How are they contributing to the far right in the United States?

Active clubs are working to build a "far-right countercultural movement to try to mainstream their ideas, their ideologies, their symbols" to make them "acceptable in society over time," Michael Colborne, a reporter for the investigative journalism group Bellingcat, told NPR

The growth of active clubs is happening in a similar manner to that of previous neo-Nazi movements, Colborne said. There are even some instances of active clubs being started by former members of neo-Nazi groups. Many of these clubs are "trying to cloak the very same neo-Nazi ideas that their [neo-Nazi skinhead] forbearers had with their jackboots and swastika T-shirts, you know, 10, 20, 30 years ago," Colborne told NPR. But these images are less visible today because they "didn't play well with American audiences."

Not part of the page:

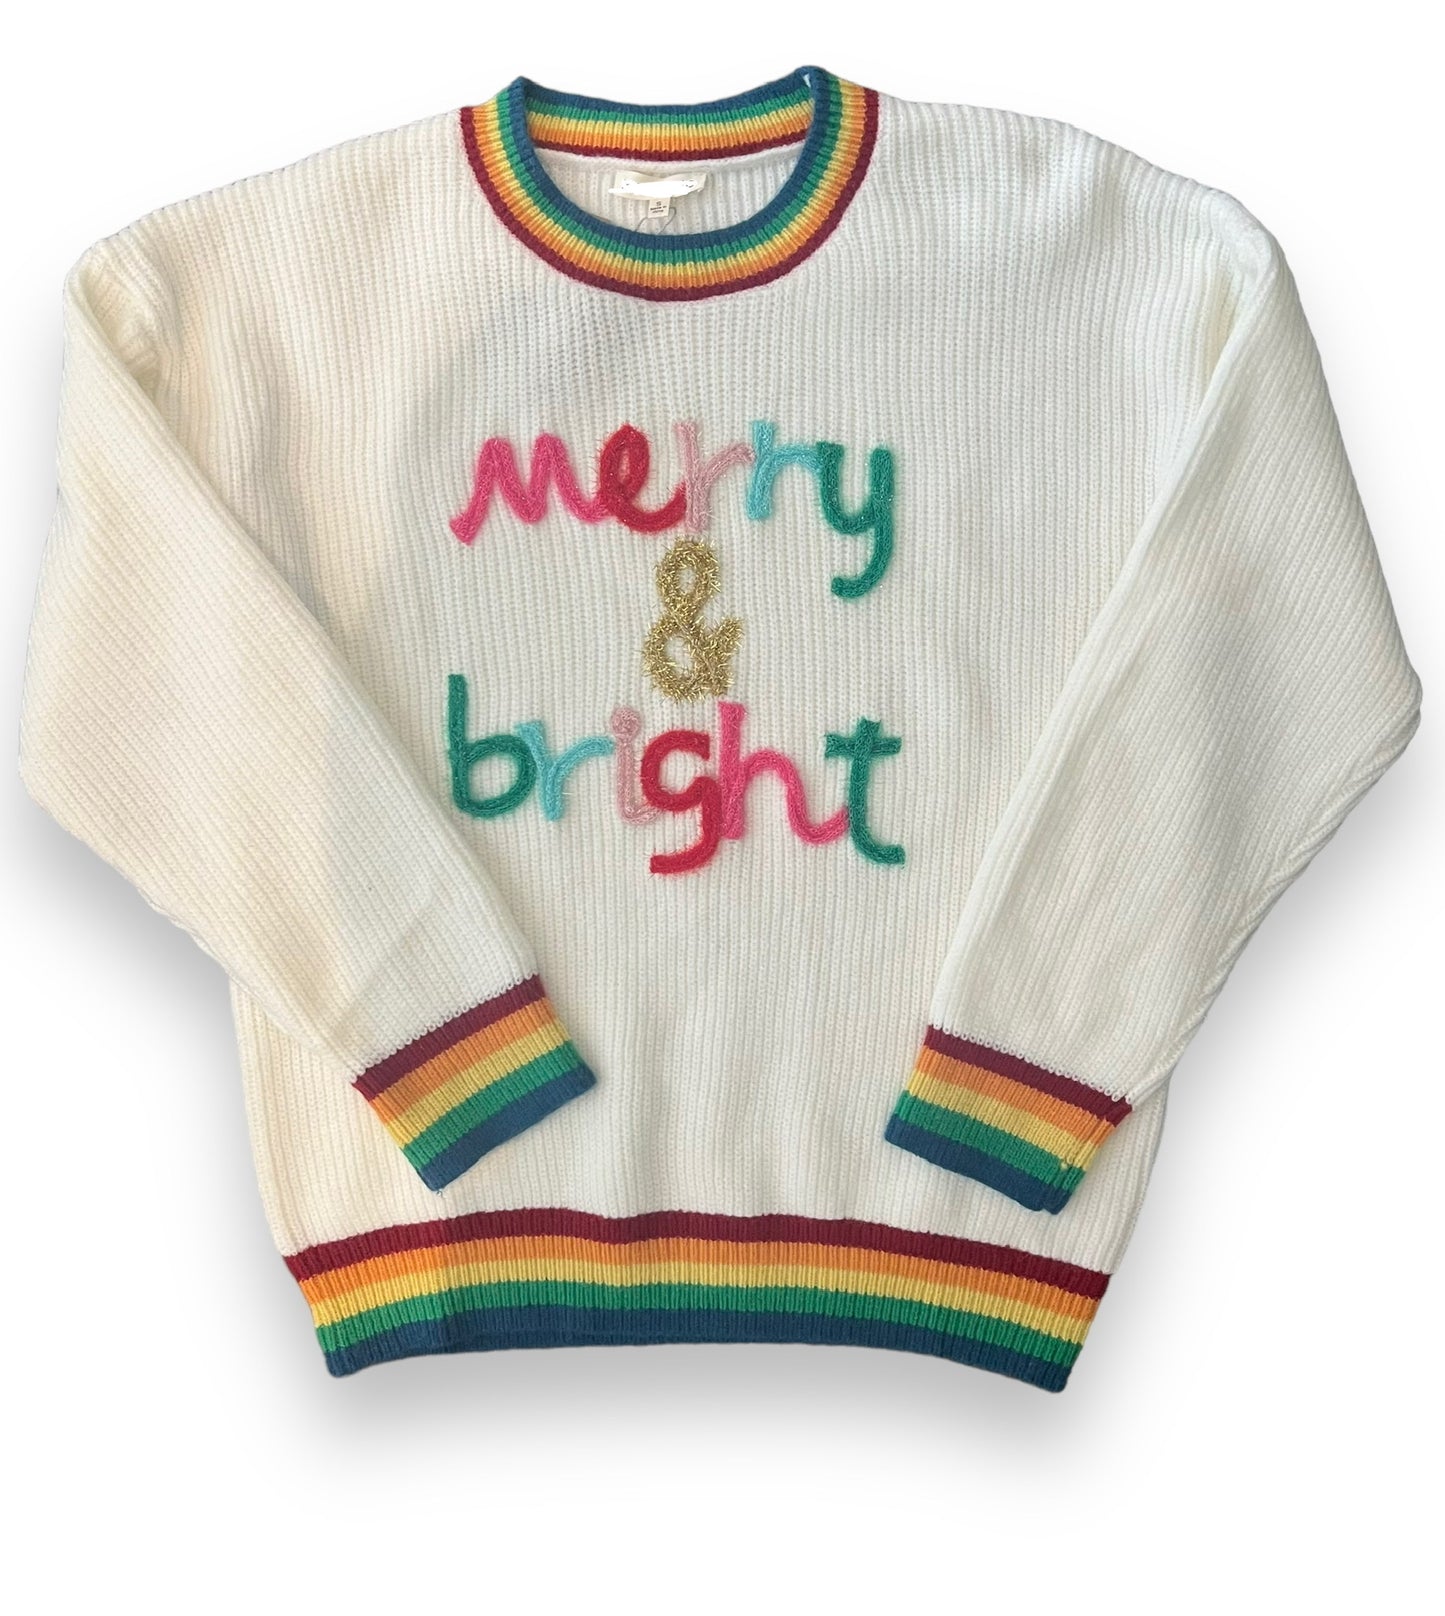 Merry & Bright sweater

Despite this, active clubs often maintain ties to neo-Nazi movements and still maintain their beliefs. "Their praise of National Socialist tenets and of Adolf Hitler and the Nazi regime is very apparent," Stephen Piggott, a civil rights researcher with the Western States Center, told NPR. The social media pages of active clubs are often "full of pro-Nazi, pro-Hitler rhetoric and iconography." Through these images, active clubs focus on "centering, organizing and trying to recruit people through combat sports ... but also, preparing for political and racially motivated violence," Piggott added. 

While they have yet to penetrate the everyday American lexicon, active clubs are "growing explosively, and filling a void created by the prosecutions that decimated the leadership of Oath Keepers and the Proud Boys," Rolling Stone reported. Jon Lewis, a research fellow at the Program on Extremism at George Washington University, told Rolling Stone these clubs are "who the Proud Boys thought they were. They're who the Proud Boys want to be."

The Counter Extremism Project's report described active clubs as a "standby militia" of violent martial arts fighters whose outreach continues. Ultimately, the report said, these fighters "can be activated when the need for coordinated violent action on a larger scale arises."